しかし、これらの民間療法は科学的なアプローチは全くなされておらず効果も不安定。副作用も未知数であるため、そのまま患者に勧めることは医師として適切ではないと考え、研究・改良を続けて医療として認められるレベルまで効果と普遍性を高めたものがバイオ入浴です。
※アメリカ合衆国にて治療特許取得済み
公開番号2016-0089403
バイオ入浴の研究・開発
バクテリアの働きが関わっている民間療法を、診療所の開業医であり、臨床医である私が読み解くには、基礎医学の研究者の立場に立たねばならず、大変な覚悟と努力が必要とされました。
バクテリアの培養についての知識、医学で扱う感染性病原菌だけでなく環境微生物群(マイクロバイオーム)や発酵についての知識、水中の溶存酸素・化学物質の測定、免疫変化の測定など多方面の知識と研究が必要とされました。
また遺伝子(ゲノム)レベルでの検査も必要と判断した私は、院内に検査機器を導入し、遺伝子レベルでの免疫反応のデータも研究対象となりました。
海外論文を検索し、バイオ入浴で生じている事象が最先端の分野でどういう意味を持つのかを読み解く一方で、実際の治療法としてもどんどん改善を加えていきました。 ここ最近、ようやくアトピー性皮膚炎の全貌が見えてきて、世界中からどうやったらアトピー性皮膚炎をなくせるかという私にとっての命題に、自分なりの答えが見えてきたところです。
この間、提携会社の循環培養装置開発や簡易浴槽の開発にも関わり、同社が真菰発酵粉末の自社製造を開始した2018年からは、この製造工程にも新しいアプローチが可能になってきました。
科学的エビデンスの元に、バイオ入浴を安全で確実性のある療法として確立することで、日本のみならず世界中のアトピー性皮膚炎患者の役に立ちたいというのが、医療者である私の願いです。
参考症例
次のページに、当院が経験した民間療法の健康被害とみられる具体的症例を紹介しています。

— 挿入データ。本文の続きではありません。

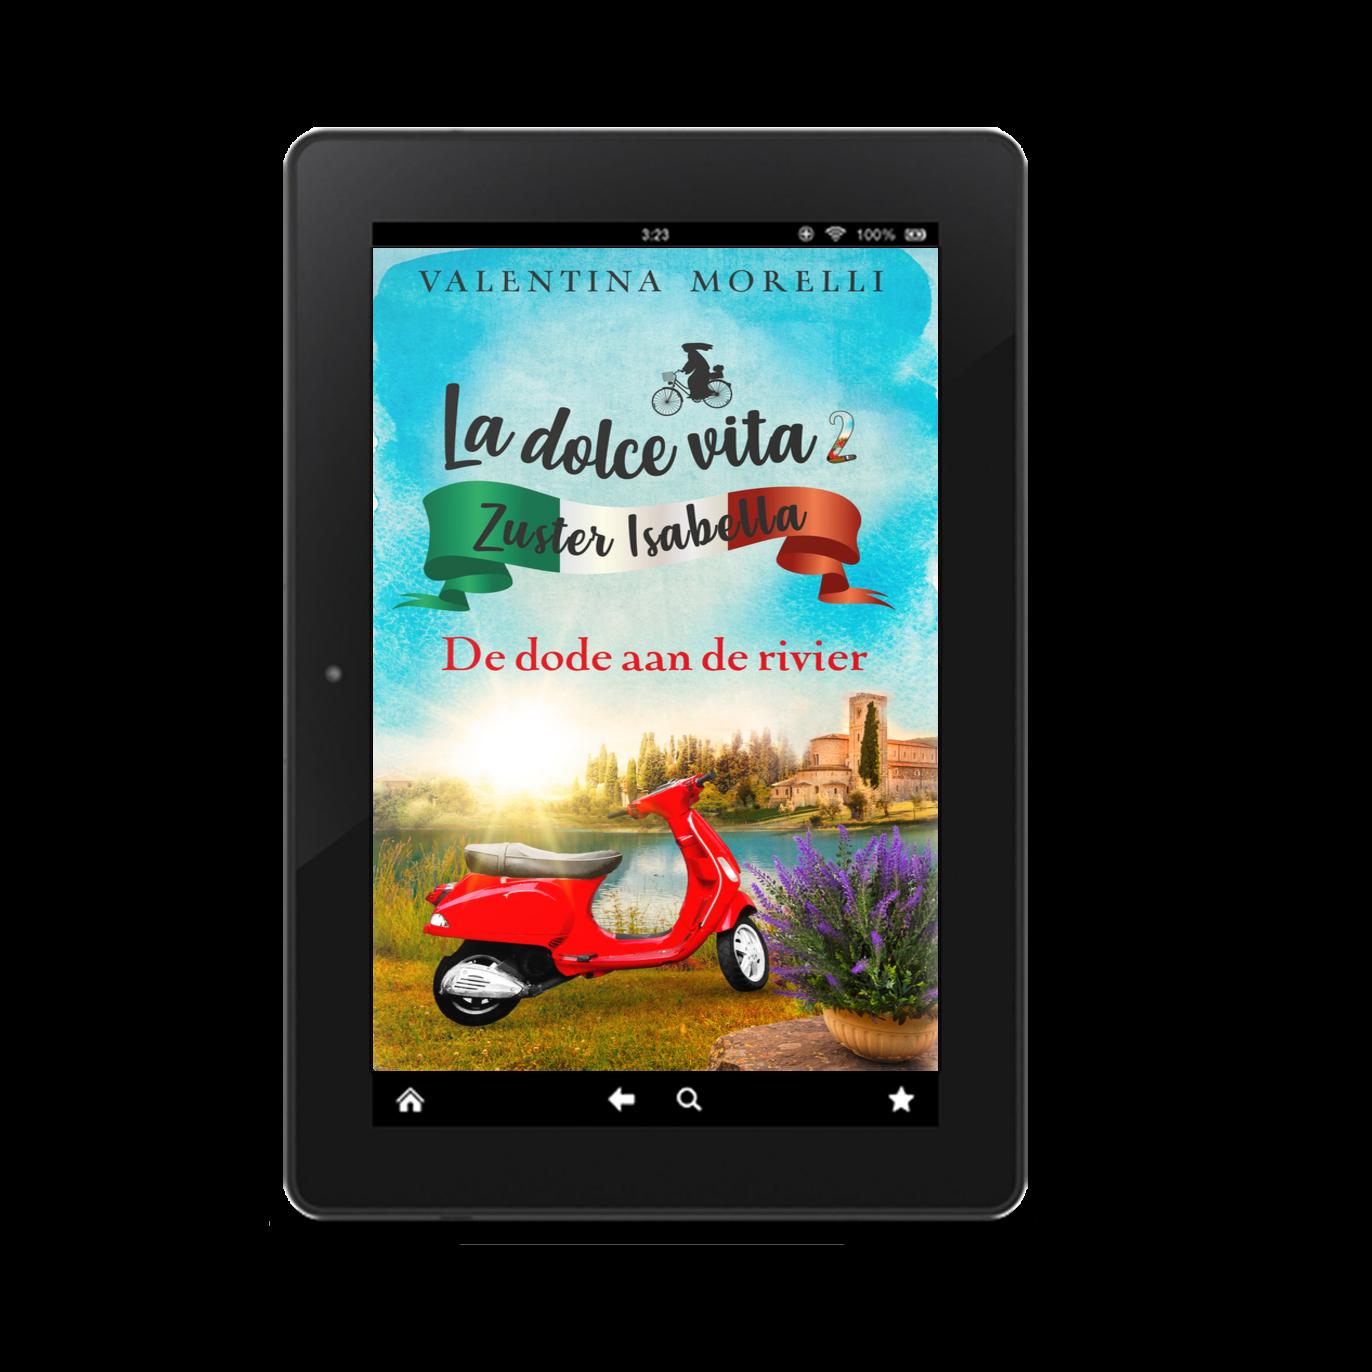 La dolce vita - De dode aan de rivier

いずれも、バイオ入浴で改善・安定傾向にあった方が、民間療法的な手法を試して行って悪化した症例で、中には、当院が推奨しているバイオ粉末の優位性を裏付けるものも含まれます。
注意喚起:民間療法による健康被害情報
当院でバイオ入浴を身に付け自宅でも行っている患者さんには、一般的な医療機関では類を見ないほどのアフターフォローを提供してきたつもりですが、上記のような事例を受け、当院が推奨するバイオ入浴の方法論を実行する気のない方については、アフターフォローの対象から外さざるを得ない状況となっています。